There’s a lot more there, but it is a surprisingly forthright and compassion description of the issues, that does not treat it as an individual problem but rather as a problem that is the result of a number of specific changes in our society.

I knew that people who hoard don’t need to buy stuff to create a hoard, but it was also very clear to me that things took a turn in the 1990s, and likely that was because there were so many inexpensive things that one could buy versus earlier. While this blog entry does a good job of hitting all the points, it could more clearly lay out the problem. Things are so cheap in our society, that there is no value extraction possible for many things, so the quality of free / abandoned goods is very high compared to what it once was. You put free / abandoned and simultaneously In Good Shape / Nice together, and put that in front of someone with a set shifting executive function problem and I think you almost automatically get a hoard.

ETA:

This is a look at literary representations of hoarding.

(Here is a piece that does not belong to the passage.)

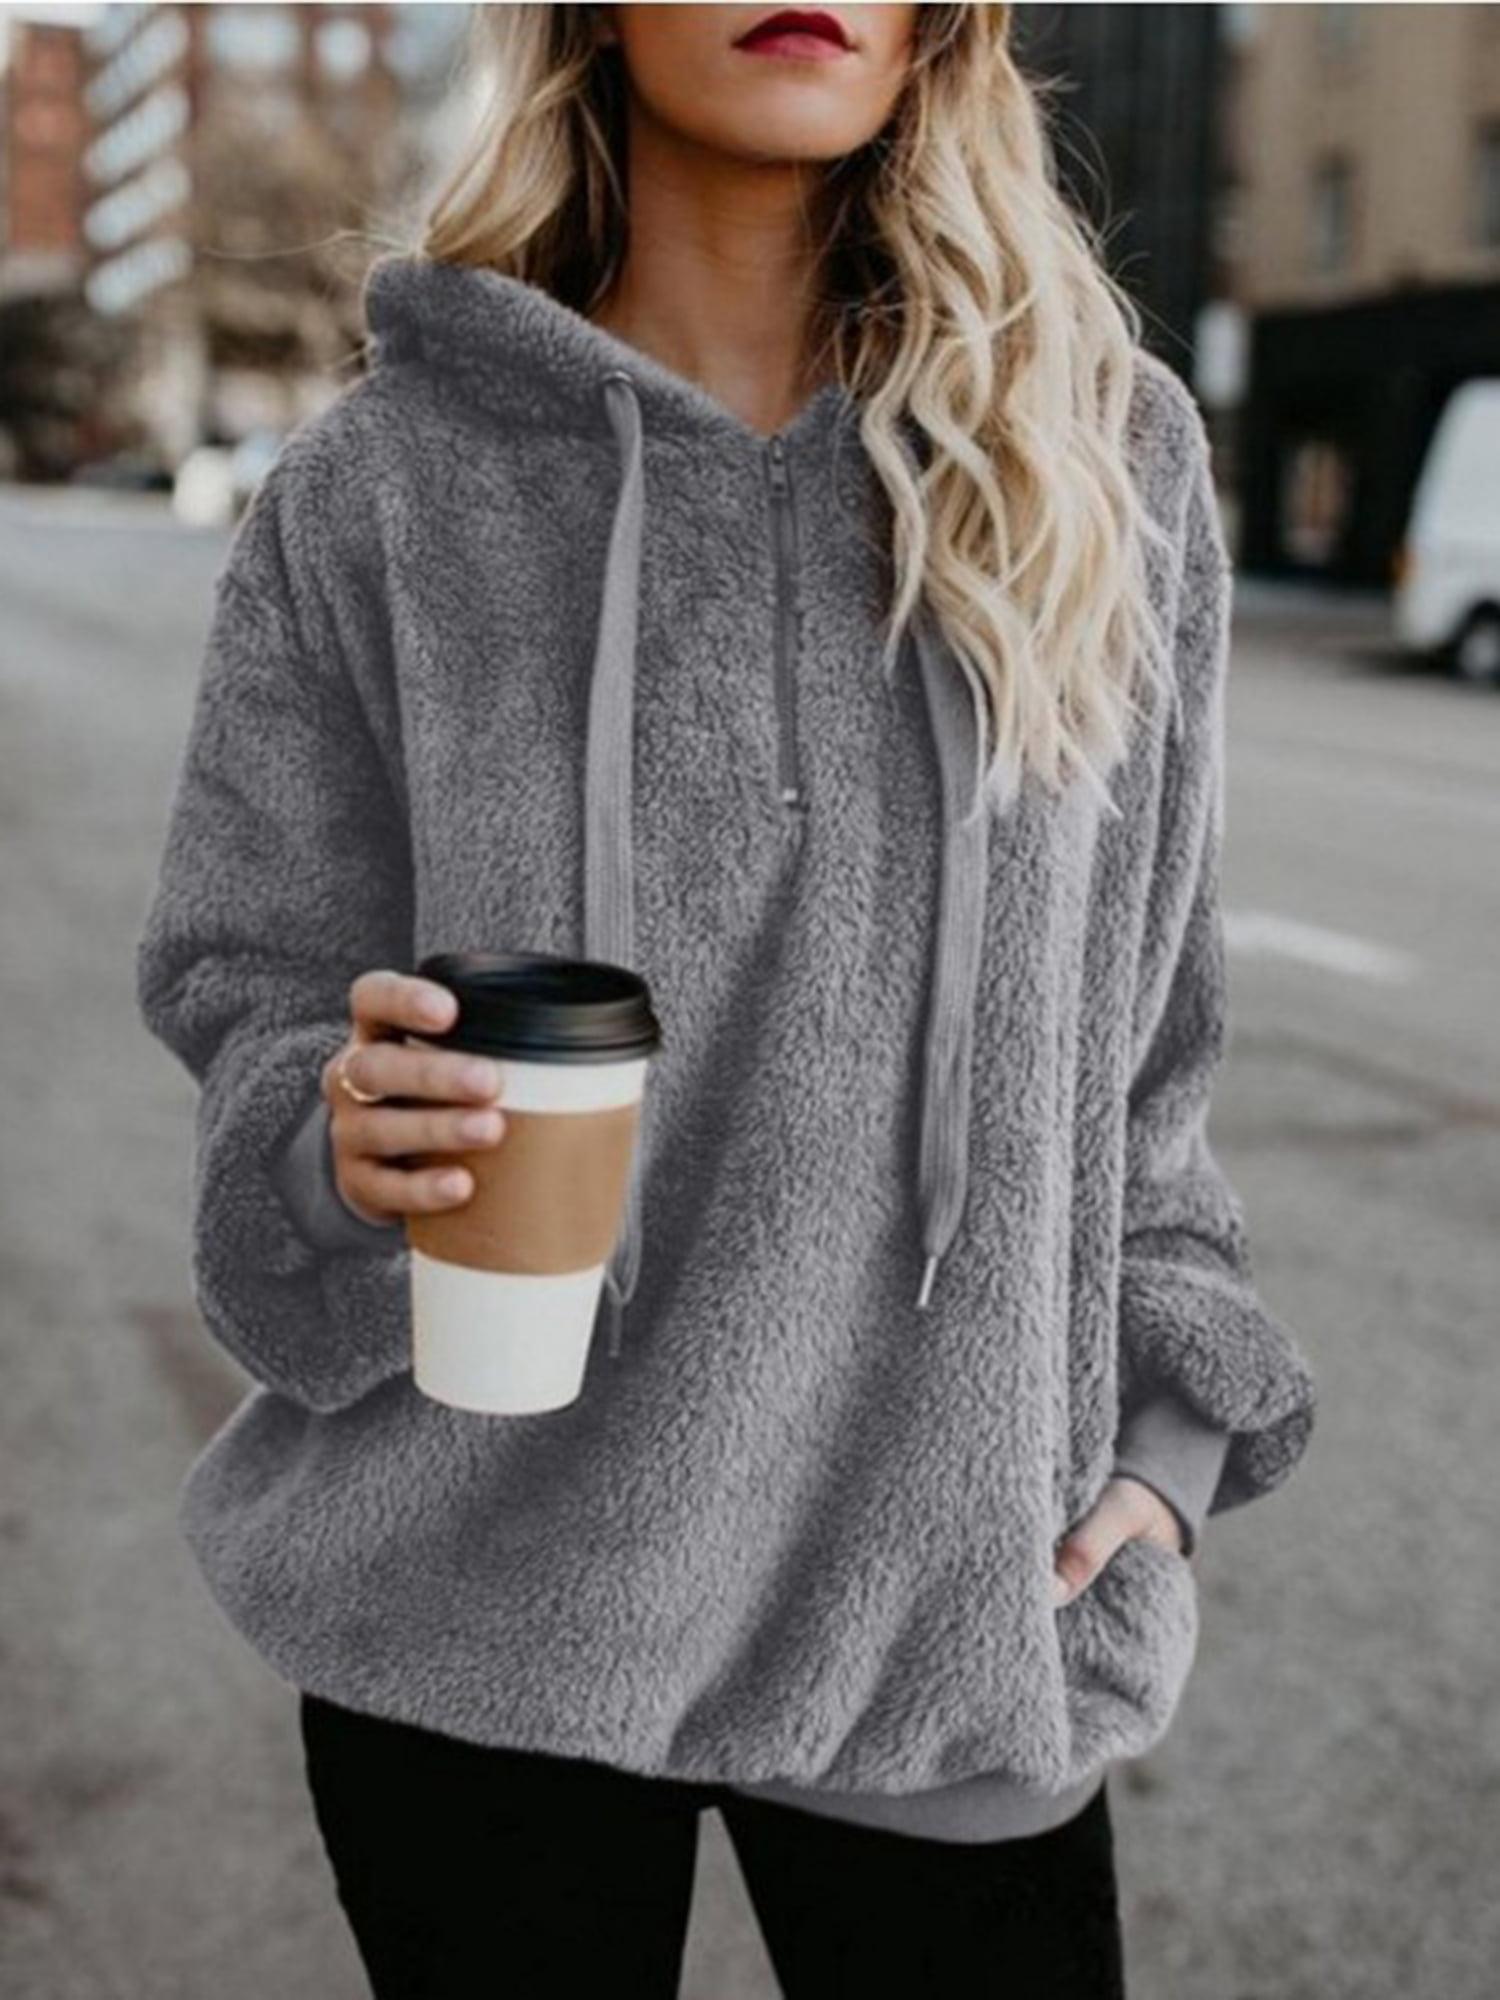 sweatshirts for women

https://pmc.ncbi.nlm.nih.gov/articles/PMC9629820/

“ Neither these classical European writers nor their medical contemporaries appear to consider hoarding a medical disorder during their time, but rather a prudent response to the economic circumstances in which most people lived. Hoarding was misjudged from this standpoint until the present when hoarding was seen in situations with a lack of a true economic, historic, or cultural reason, helping to focus attention on this visible disorder.”

You could just as easily conclude the reverse. Hoarding is a prudent response, that has ceased to make sense in our time, and so we treat it as a medical disorder.